6. Control Strategy of Battery Energy Storage System for Secondary Frequency Regulation
A control strategy for battery energy storage system participating in secondary frequency regulation is also proposed. This strategy is based on the analysis of frequency characteristics of regional grids involving battery energy storage system using sensitivity theory and considering the area control error (ACE) and traditional area regulation requirement (ARR) signal distribution modes. The action depth of battery energy storage system is dynamically adjusted based on real-time grid conditions to maintain frequency stability.

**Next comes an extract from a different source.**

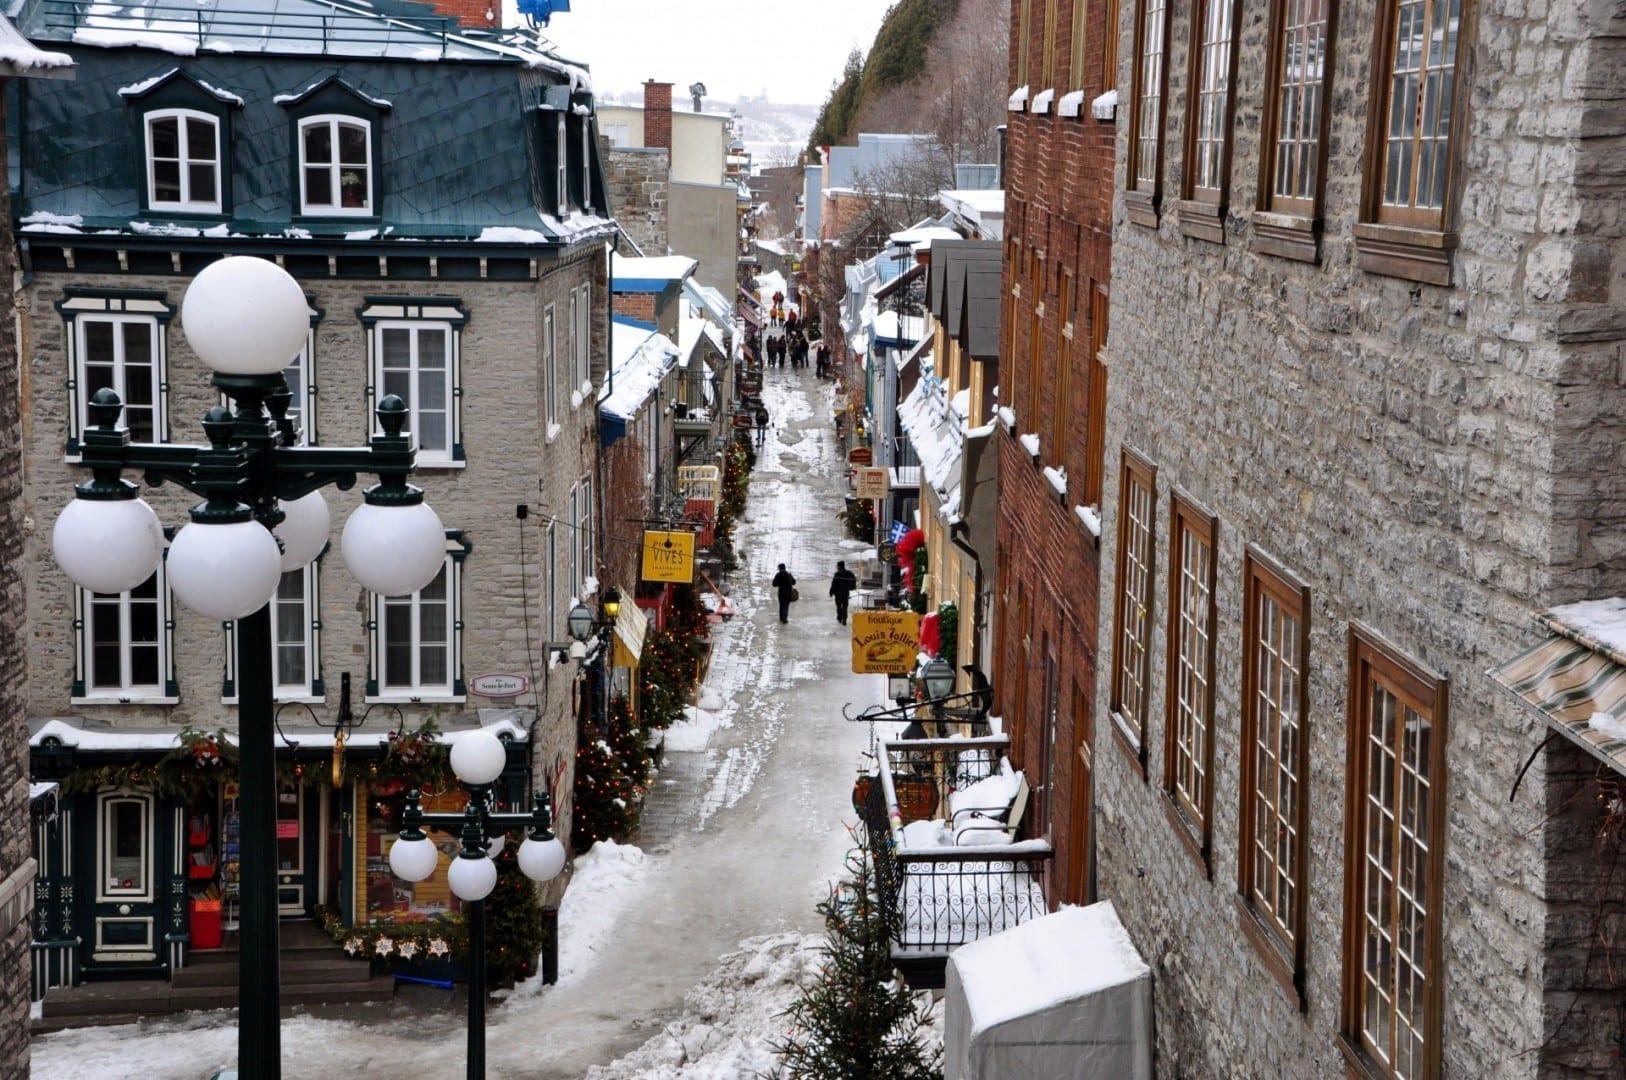 El invierno en la parte baja de la ciudad Quebec Canadá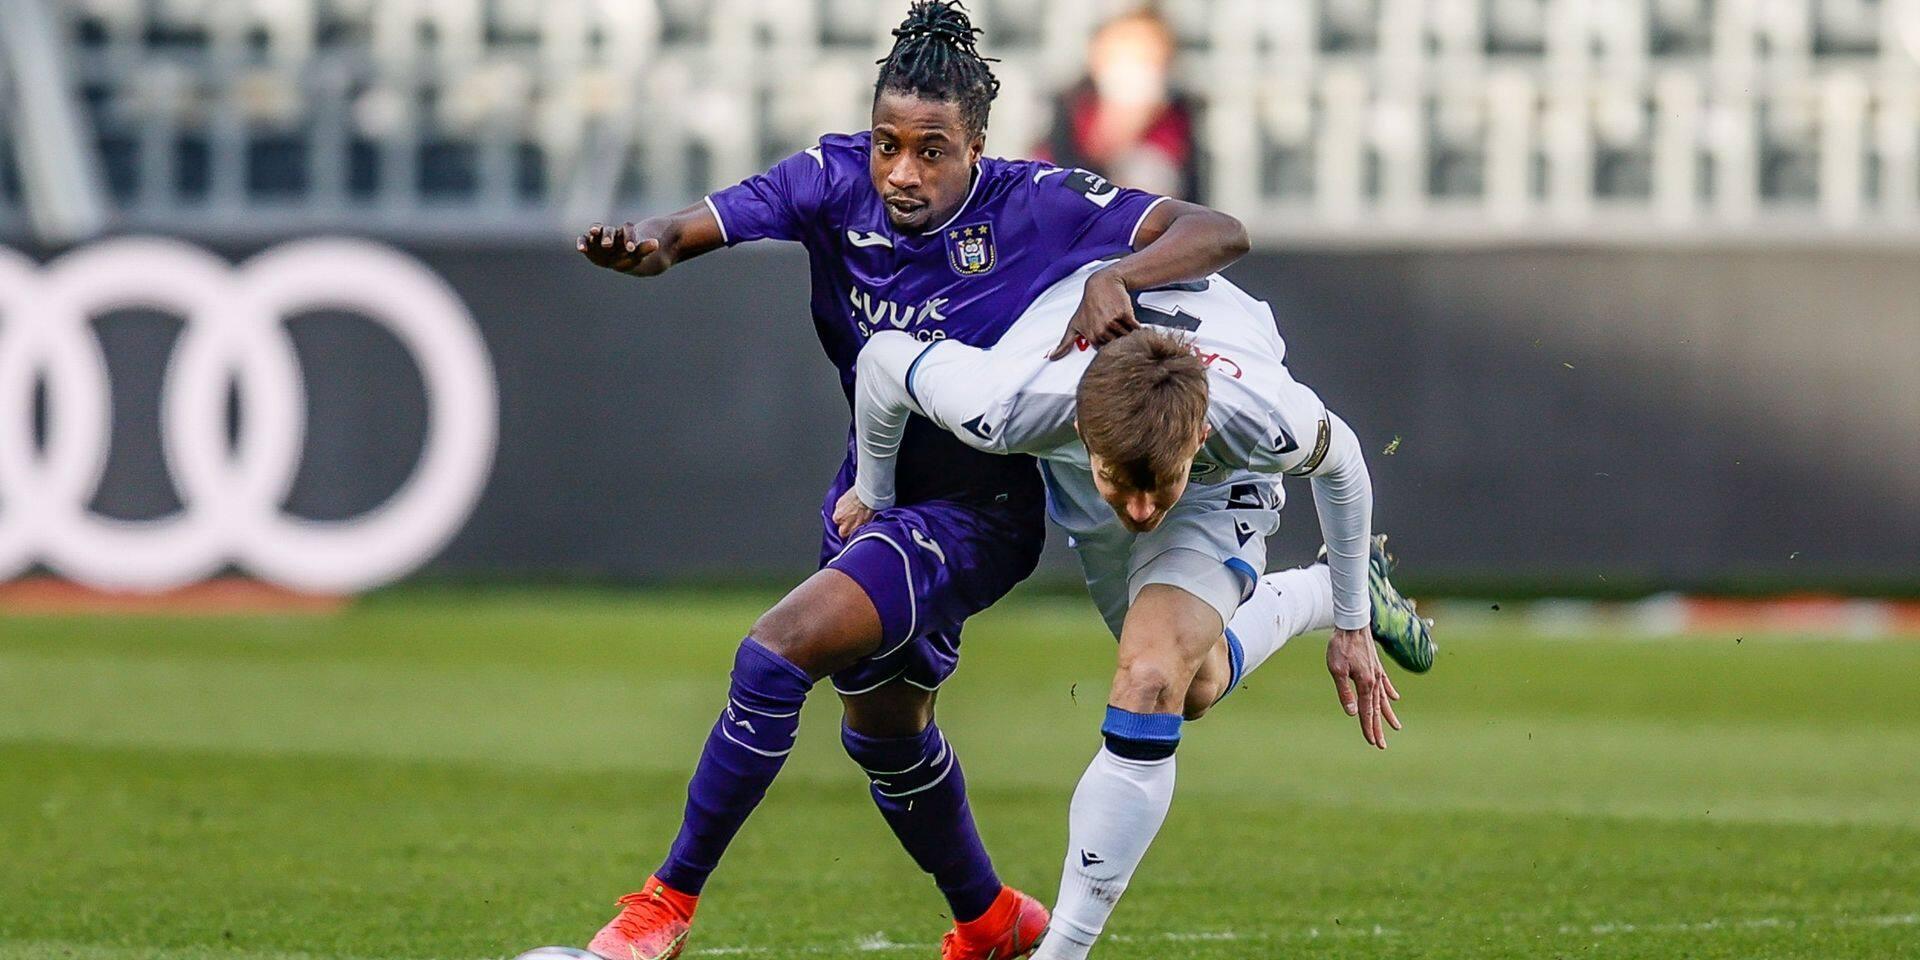 Ashimeru dans la sélection, Diaby ne fera pas son retour à Bruges

7. Simulation Results and Analysis
Simulation experiments are conducted to validate the proposed control strategies and optimal capacity allocation schemes. The simulation results demonstrate the effectiveness of battery energy storage system in improving frequency regulation performance and reducing the required capacity of traditional frequency regulation sources. Table 2 summarizes the key performance indicators of frequency regulation with and without battery energy storage system.
Table 2: Performance Indicators of Frequency Regulation
Indicator | Without battery energy storage system | With battery energy storage system |
---|---|---|
Frequency Deviation | ±X Hz | ±Y Hz |
Rate of Change of Frequency | Z Hz/s | W Hz/s |
Required Capacity of Traditional Sources | A MW | B MW |
8. Software Development for Battery Energy Storage System in Frequency Regulation
To facilitate further research and practical application of battery energy storage system in frequency regulation, a software platform is developed. The software includes functions for wind power contained composite load characteristics analysis, frequency regulation-oriented battery energy storage system simulation model construction, optimal capacity allocation, and control strategy design. The software is implemented using object-oriented programming and visual programming techniques, and it integrates various modules and databases into a single integrated system.
9. Conclusion
This study proposes an optimal capacity allocation method and control strategy for battery energy storage system participating in power grid frequency regulation. The simulation results demonstrate the effectiveness of the proposed methods in improving frequency regulation performance and reducing the required capacity of traditional frequency regulation sources. Future work will focus on optimizing the control strategies further, considering more complex grid conditions and integration of additional renewable energy sources.